Squartamento by Emil M. Cioran

Ĭioran's first book, On the Heights of Despair (literally translated: "On the Heights of Despair"), was published in Romania in 1934.

Squartamento by Emil M. Cioran

He held similar views about Italian fascism, welcoming victories in the Second Italo-Abyssinian War, arguing that: "Fascism is a shock, without which Italy is a compromise comparable to today's Romania".

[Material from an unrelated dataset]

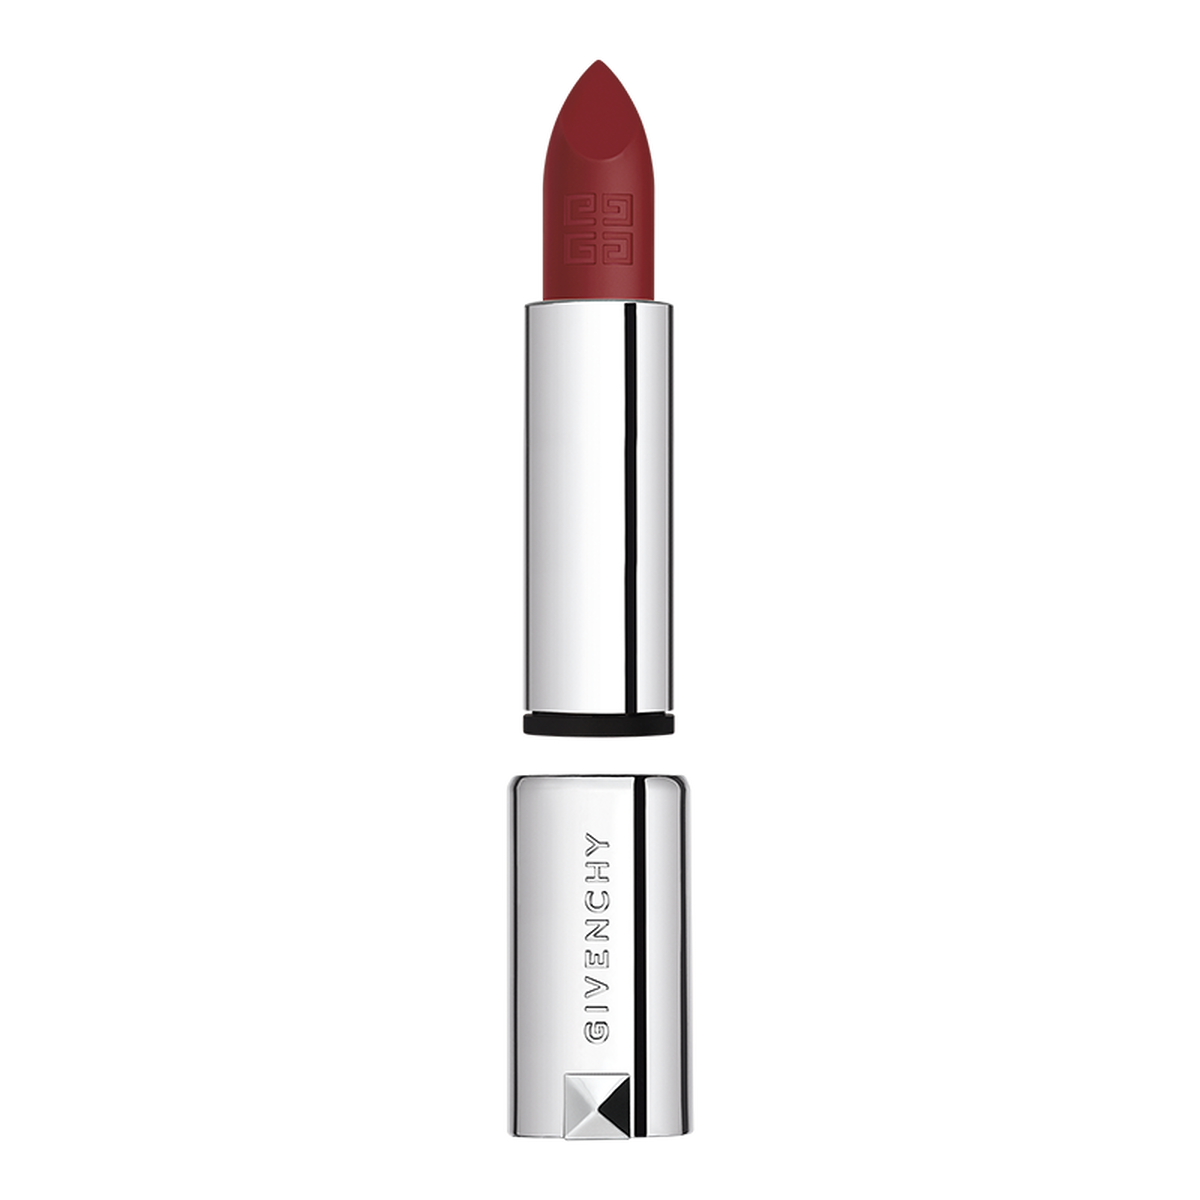 Le Rouge Sheer Velvet Matte Lipstick - Lipstick

Squartamento by Emil M. Cioran

While in Berlin, he became interested in the policies of the Nazi regime, contributed a column to Vremea dealing with the topic (in which Cioran confessed that "there is no present-day politician that I see as more sympathetic and admirable than Hitler", while expressing his approval for the Night of the Long Knives-"what has humanity lost if the lives of a few imbeciles were taken"), and, in a letter written to Petru Comarnescu, described himself as "a Hitlerist". Here, he came into contact with Klages and Nicolai Hartmann. In 1933, he received a scholarship to the University of Berlin, where he studied Johann Gottlieb Fichte, Hegel, Edmund Husserl, Immanuel Kant, Georg Simmel, Schopenhauer, and Nietzsche. Cioran's decision to write about his experiences in his first book, On the Heights of Despair, came from an episode of insomnia. įrom the age of 20, Cioran began to suffer from insomnia, a condition which he suffered from for the rest of his life, and permeated his writings. Cioran's graduation thesis was on Henri Bergson, whom he later rejected, claiming Bergson did not comprehend the tragedy of life. While at the University, he was influenced by Georg Simmel, Ludwig Klages and Martin Heidegger, but also by the Russian philosopher Lev Shestov, whose contribution to Cioran's central system of thought was the belief that life is arbitrary. He became an agnostic, taking as an axiom "the inconvenience of existence". Notes from Cioran's adolescence indicated a study of Friedrich Nietzsche, Honoré de Balzac, Arthur Schopenhauer and Fyodor Dostoevsky, among others. Ĭioran had a good command of German, learning the language at an early age, and proceeded to read philosophy that was available in German, but not in Romanian. Cioran, Eliade, and Țuțea became supporters of Ionescu's ideas, known as Trăirism. Future Romanian philosopher Constantin Noica and future Romanian thinker Petre Țuțea became his closest academic colleagues all three studied under Tudor Vianu and Nae Ionescu. Īt 10, Cioran moved to Sibiu to attend school, and at 17, he was enrolled in the Faculty of Literature and Philosophy at the University of Bucharest, where he met Eugène Ionesco and Mircea Eliade, who became his friends. His father, Emilian Cioran, was an Orthodox priest, and his mother, Elvira, was the head of the Christian Women's League. Cioran was born in Resinár, Szeben County, Kingdom of Hungary (today Rășinari, Sibiu County, Romania).